Dataset section:
○ ○ ○

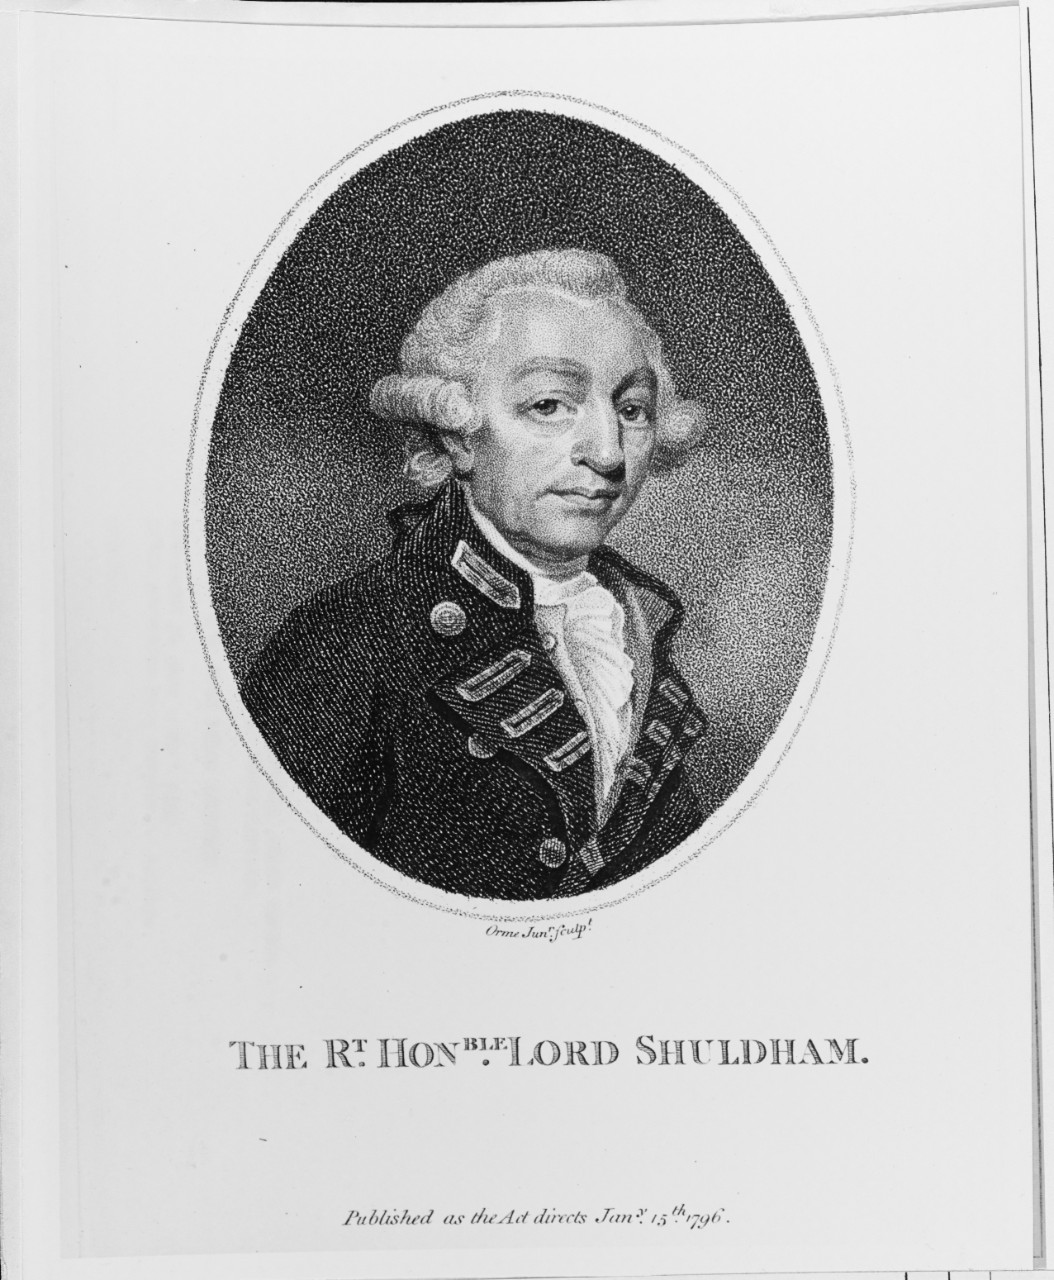 Molyneaux Shuldham, Lord Shuldham (1717?-1798), British Admiral
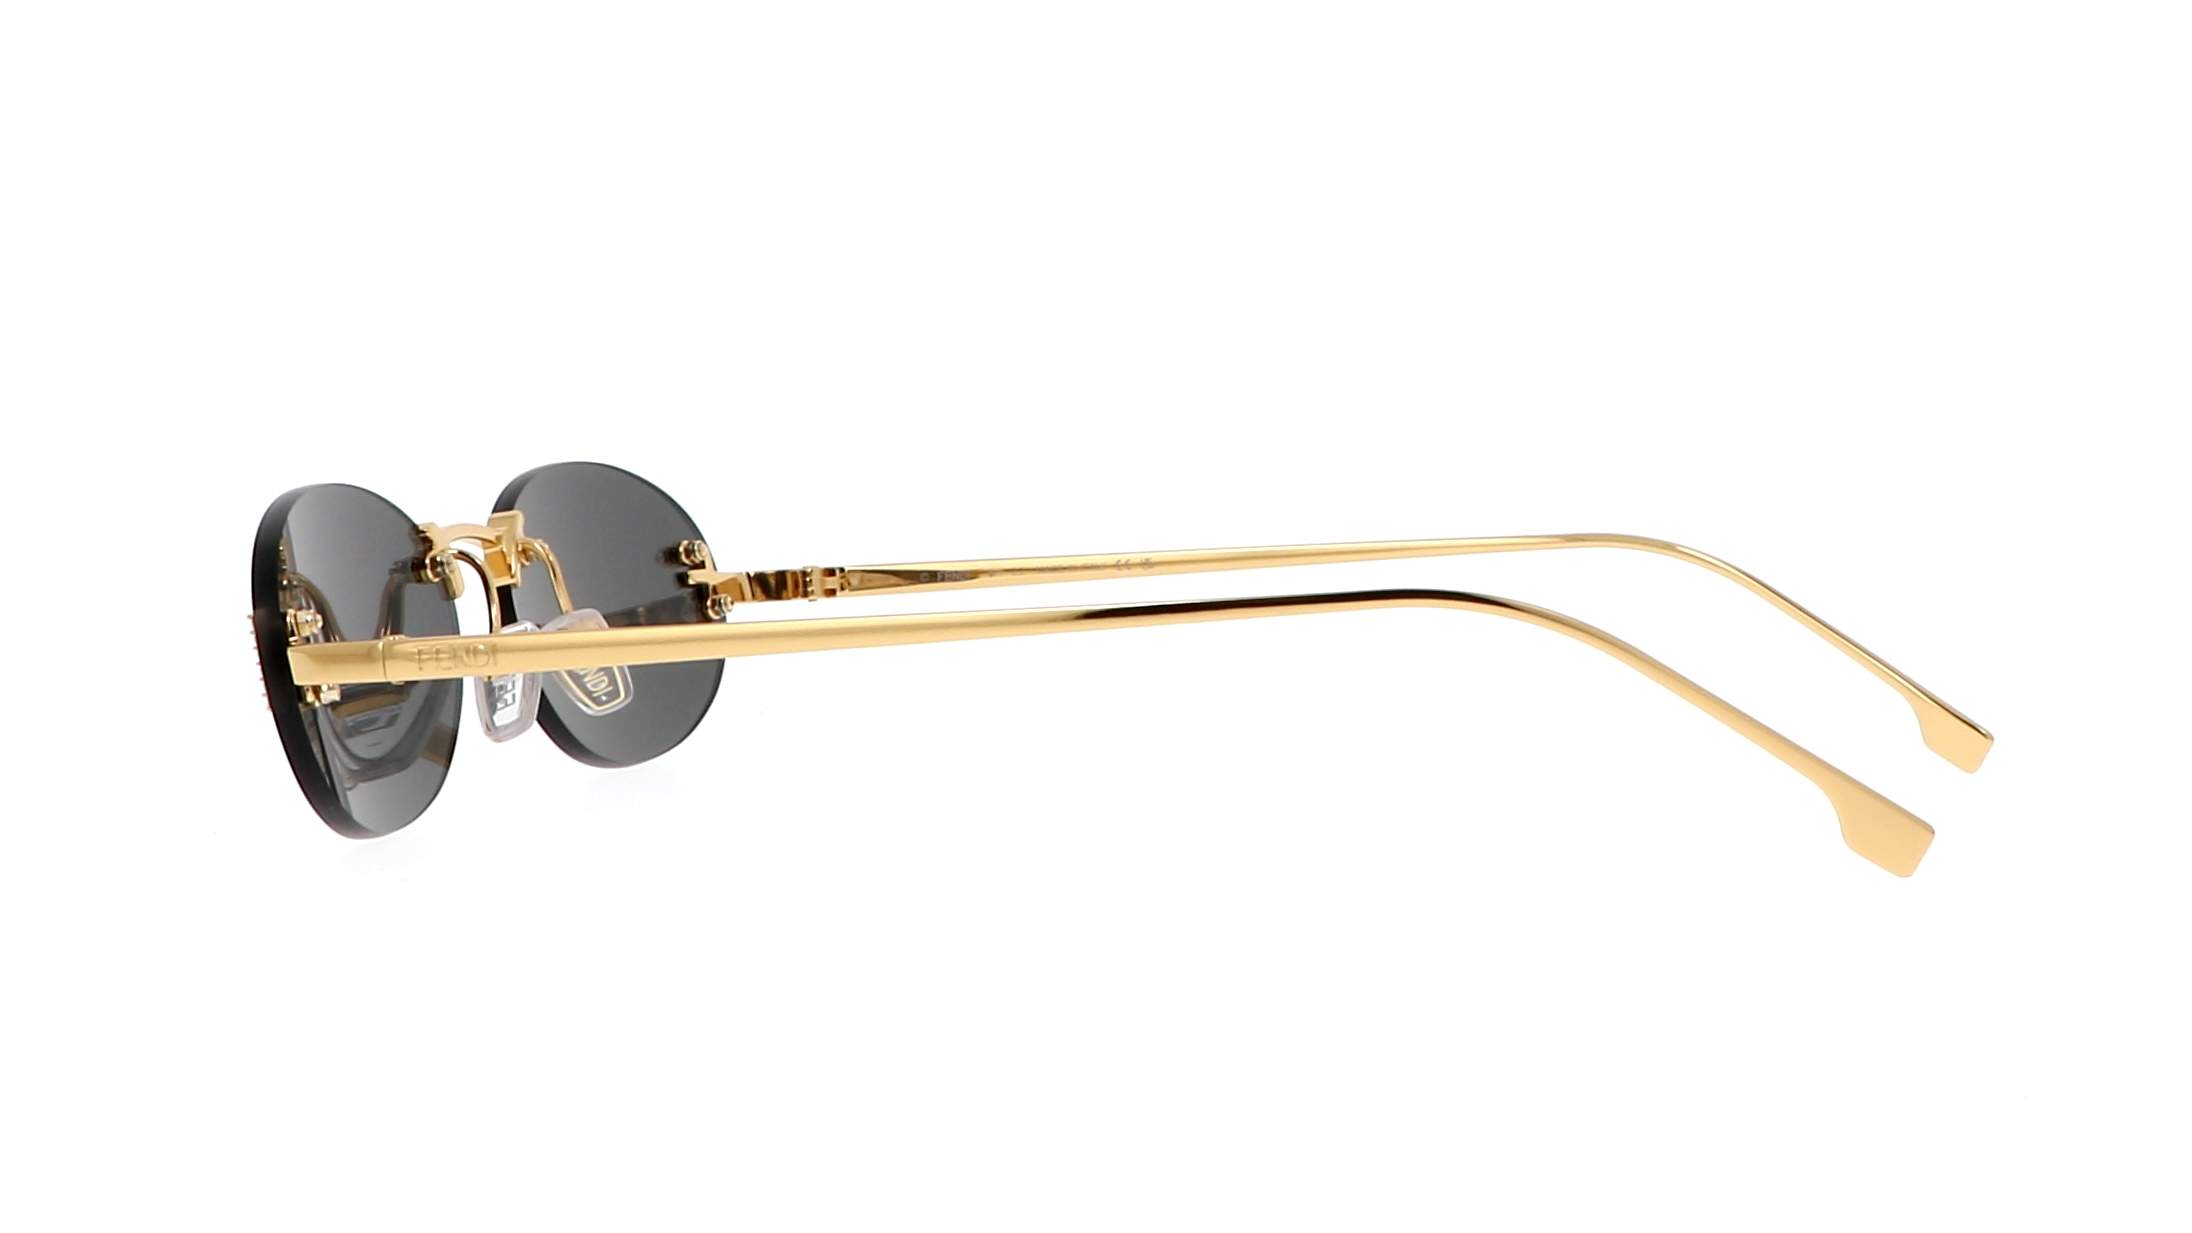 Gold Fendi First rimless oval metal sunglasses, Fendi Eyewear
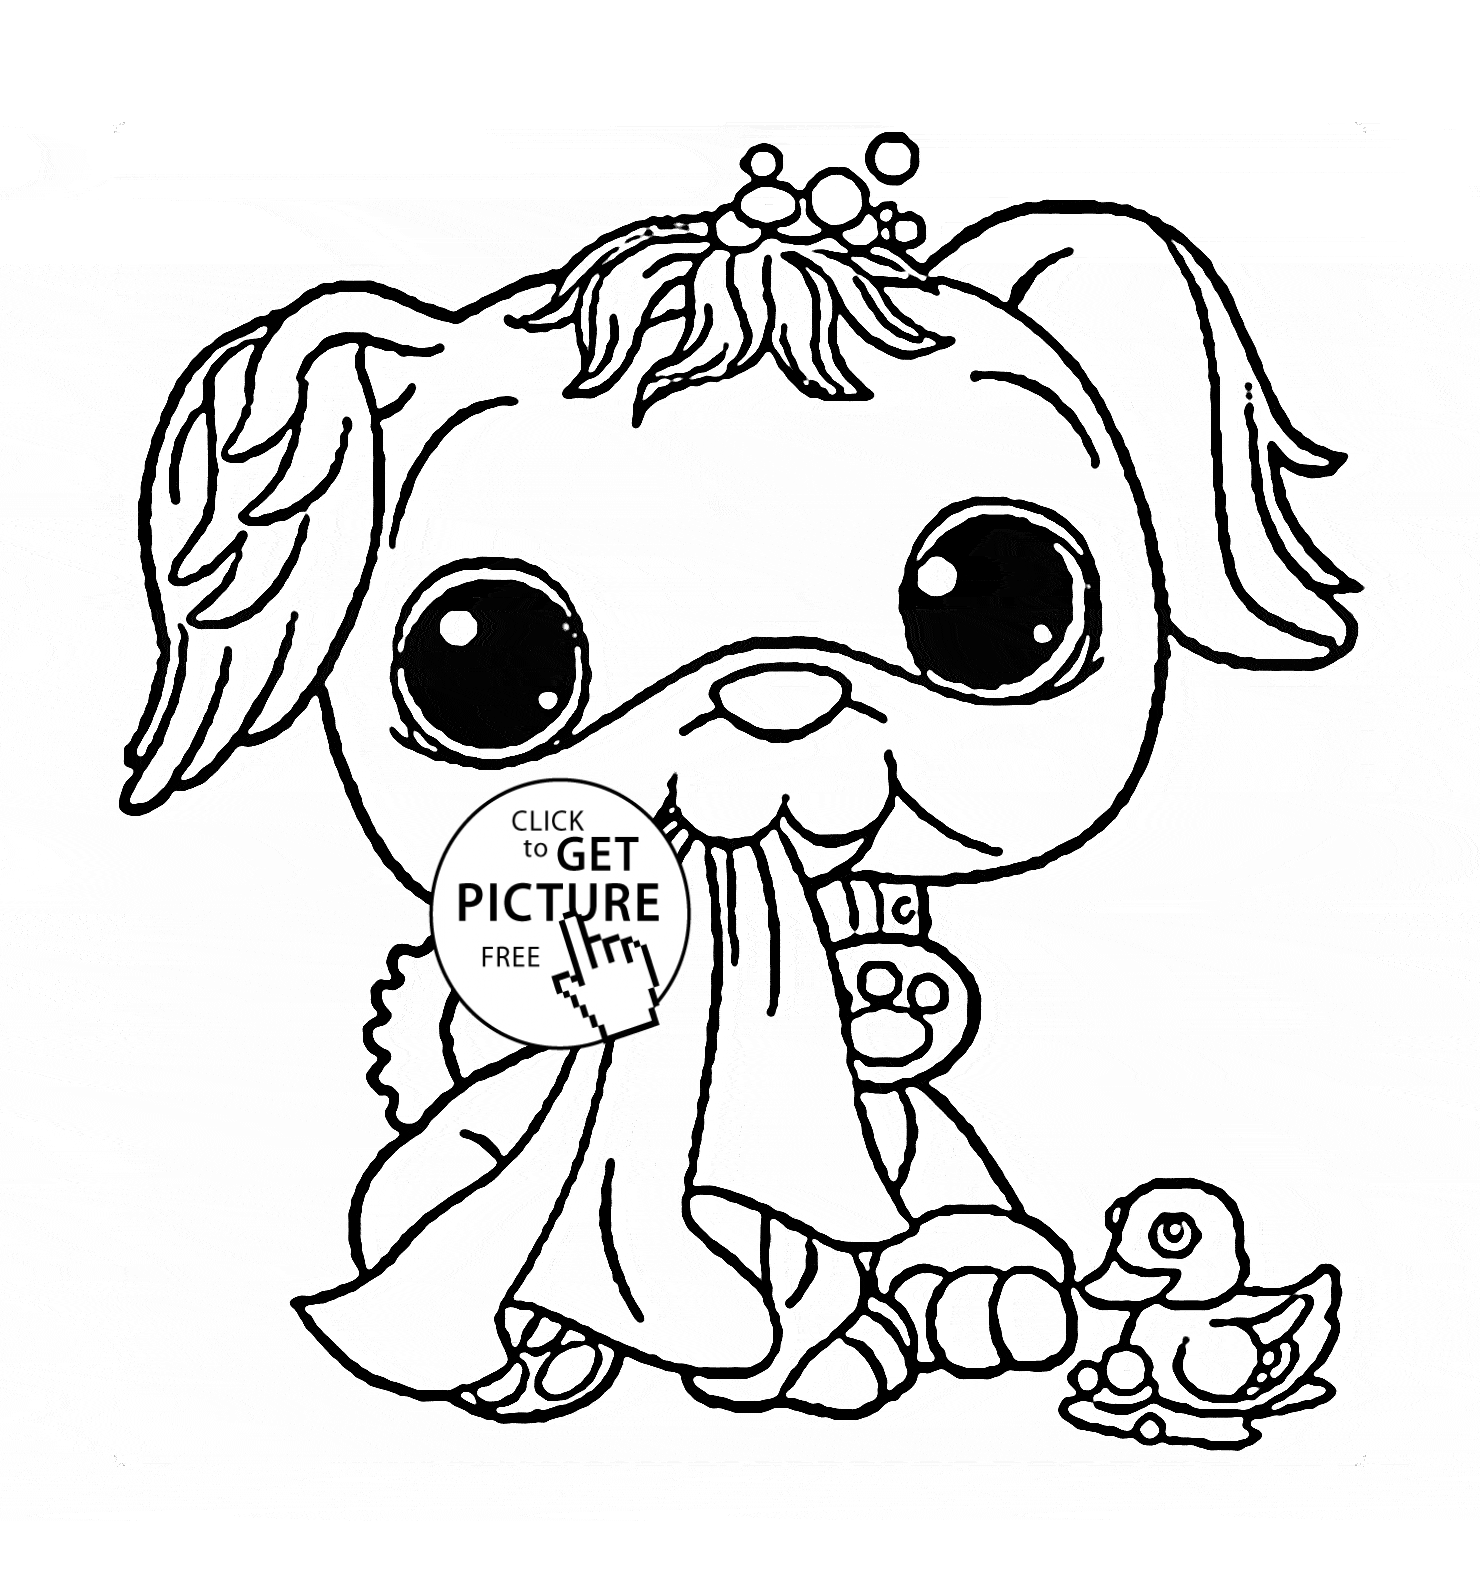 Littlest Pet Shop Funny Dog coloring page for kids, animal ...

○ ○ ○

Task item: The line with "Gold Fendi First" marks the start, and the last line of the material marks the end. Reproduce exactly those two lines and every line between them, without the pictures.

Reply to the exercise:
 Gold Fendi First rimless oval metal sunglasses, Fendi Eyewear
 Littlest Pet Shop Funny Dog coloring page for kids, animal ...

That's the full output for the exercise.